By introducing Jobs, Certifications, Project Mercury, Fundamental Research, Sora, Codex, Agent Mode, Stripe & Shopify Integrations, AgentKit, and now Atlas, OpenAI is vying to become the one stop shop for everyone across business, technical, scientific, economic and consumer use cases.
Many of their offerings now press directly against Microsoft (LinkedIn, GitHub), Google (Search, Gemini, YouTube/Veo, Chrome), Meta (Instagram), and workflow stacks like Zapier/n8n...plus a long tail of private companies.
This week we dive deeper into the effect of OpenAI's dual-track Schumpeterian creative destruction of legacy software companies and its potential to capture a majority of the economic growth drivers in this AI supercycle.
Right after Fidji Simo joined forces with Vijaye Raji last month to become the second most important pairing in OpenAI after Sam Altman & Greg Brockman, we are seeing in real time this Applications team's vision build out at an unprecedented scale.
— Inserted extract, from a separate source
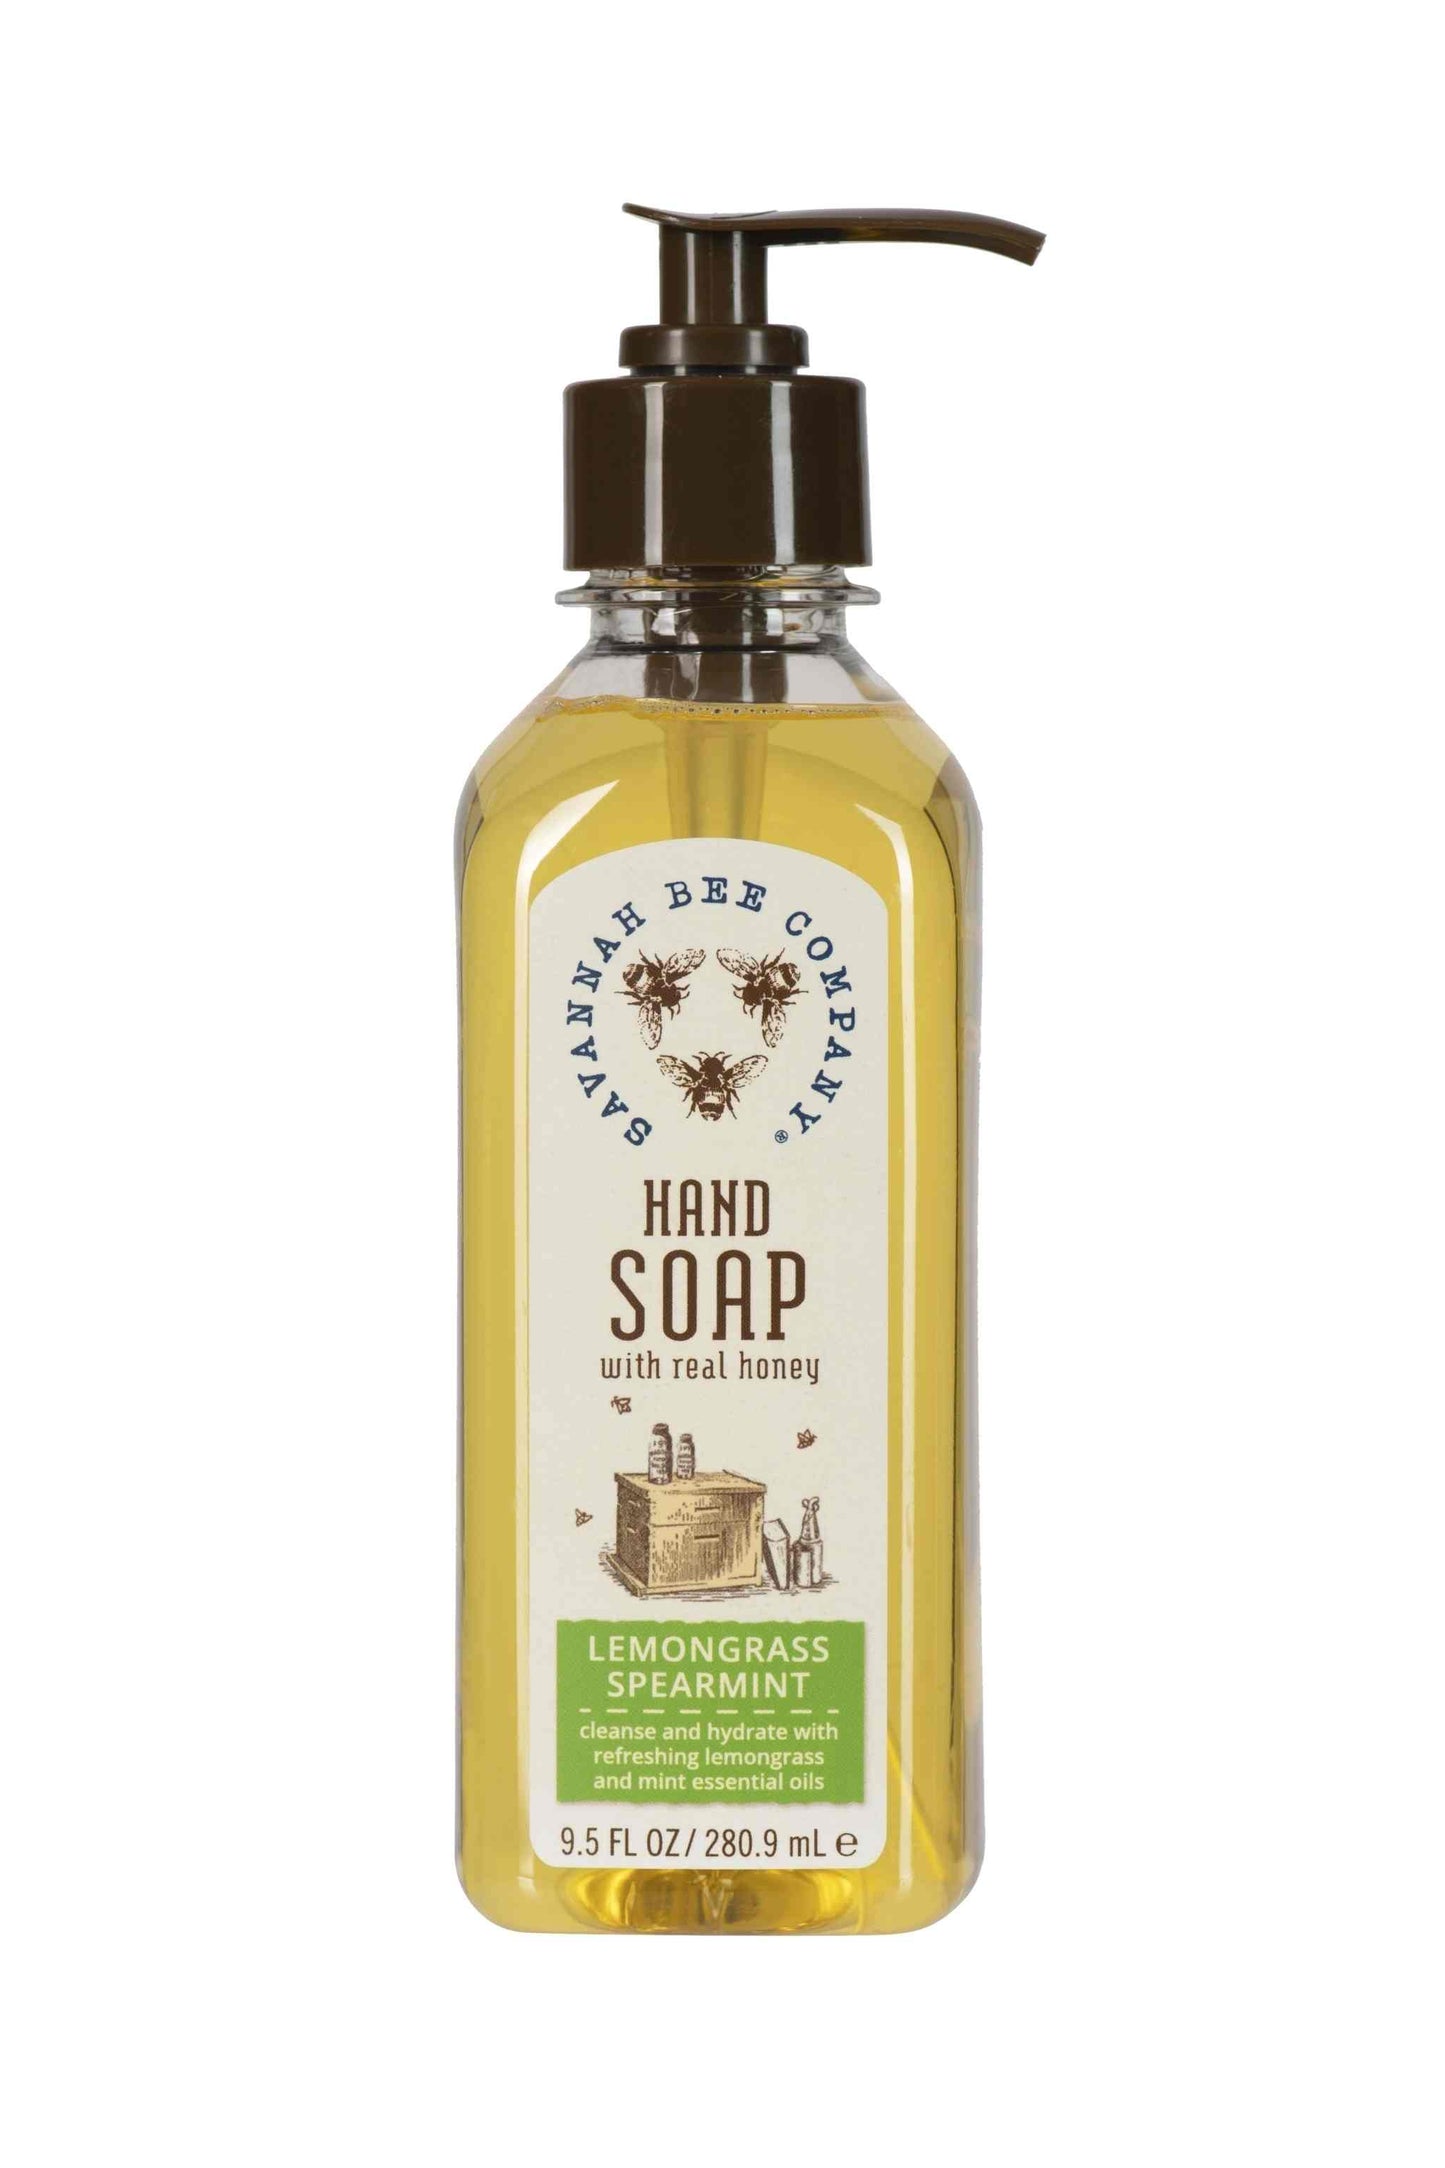 Lemongrass Spearmint Hand Soap 9.5 fl oz.  studio shot

Before diving into OpenAI becoming the vanguard of this AI technological wave, let's take a look back at the four previous major technological waves that disrupted how the modern economy has shaped up from 1995 to 2025.
The web put economic demand online. With nearly 5.5B people now connected to the internet, the addressable market for any disruptive technology is simply bigger than it has ever been before.
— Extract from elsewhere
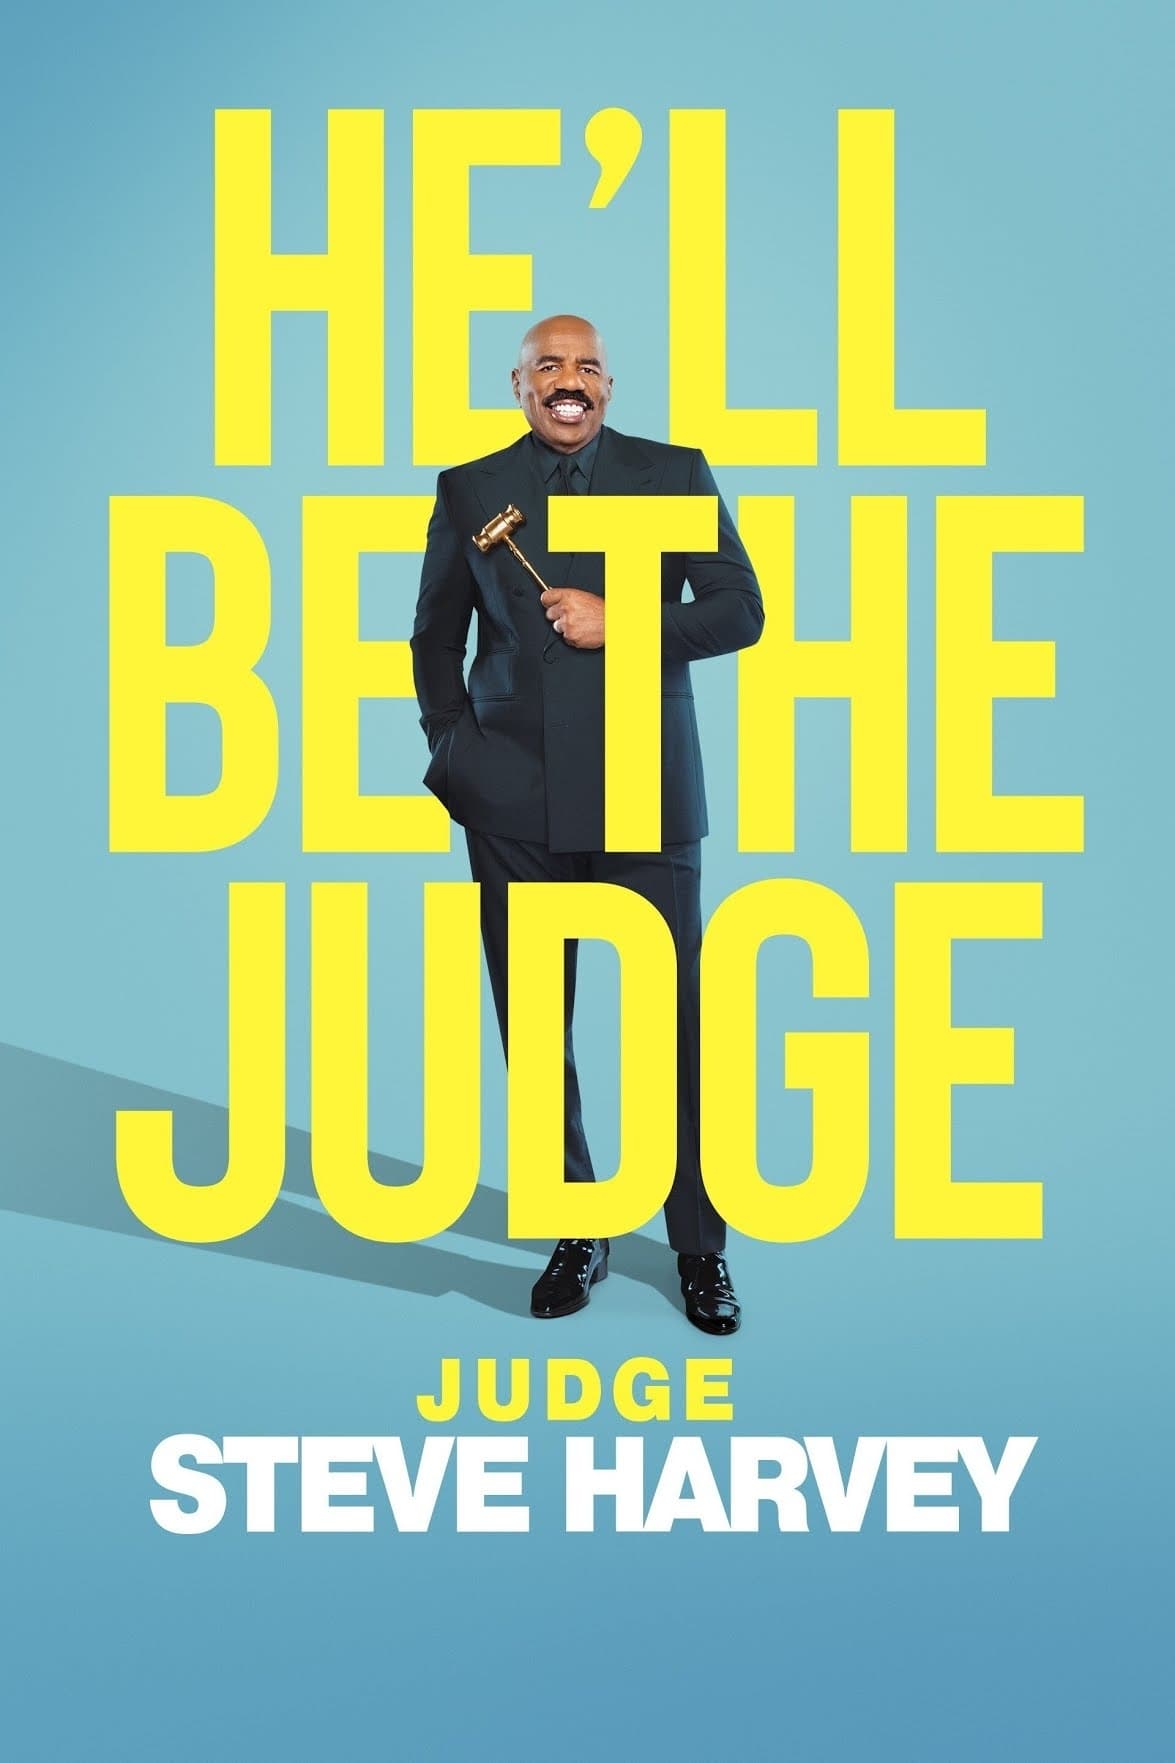 Judge Steve Harvey TV Shows About Money

When mobile came around, it made connection portable, thus allowing for instantaneous communication, unlocking a further step change in economic output. Today, 5G itself has nearly 2.5B subscribers worldwide, paving the way for a 6G with rich media & agents.
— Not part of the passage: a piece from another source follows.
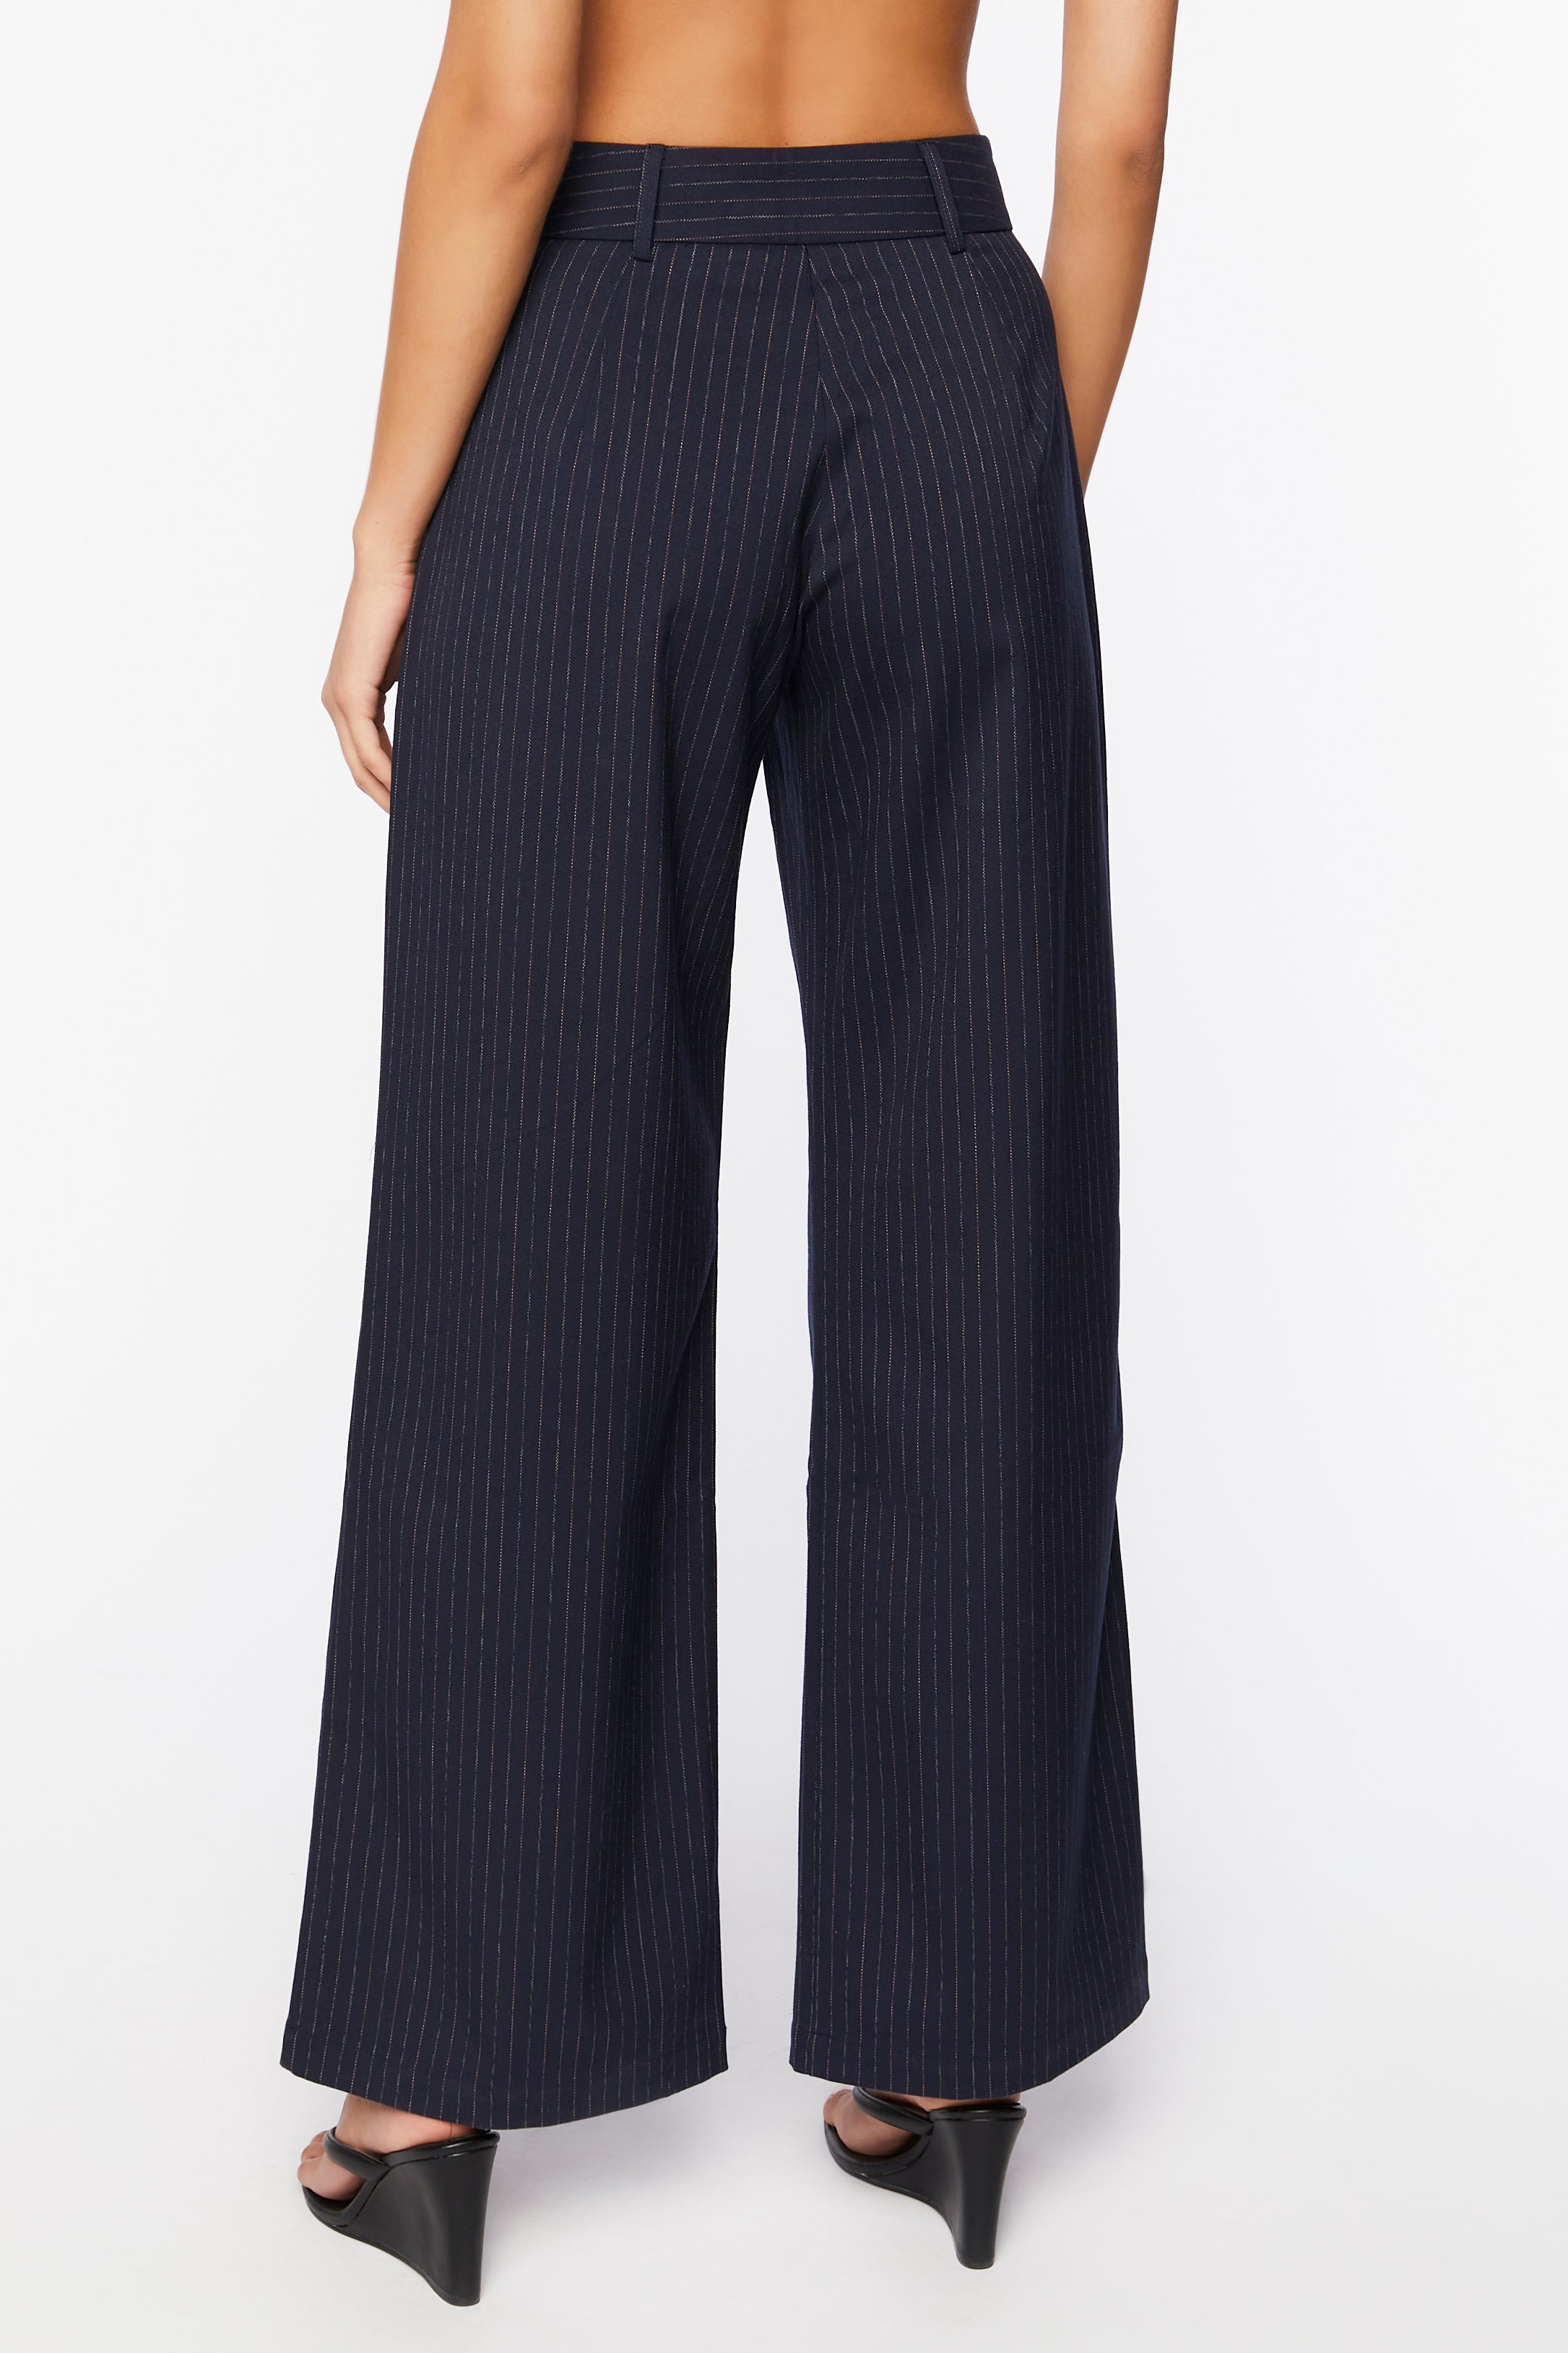 Navywhite Pinstripe Mid-Rise Trouser Pants 3

Then with the public cloud and the advent of today's AWS, GCP, Azure, capex was eliminated from most companies, enabling a new level of applications that was previously too expensive to operate. Public cloud spend is estimated to top $720B by end-2025 and growing, per Gartner.
Until this AI wave, SaaS had already greatly compressed and digitally transformed entire industries, with ads and subscriptions being the major revenue driver for B2B & B2C businesses. Global ad spend topped $1T in 2024 with the number slated to grow at nearly 10%/yr.
With ChatGPT Atlas, OpenAI's web browser with ChatGPT built in, and other products, they have captured today's equivalent of Google's search bar - the home page of the internet.
In doing so, they have gone upstream of search, and compressed the "answer to action" pathway. Where before we used to think, search, compare, and execute manually, ChatGPT essentially predicts what we would like and spits out the outcome in an easy to digest format.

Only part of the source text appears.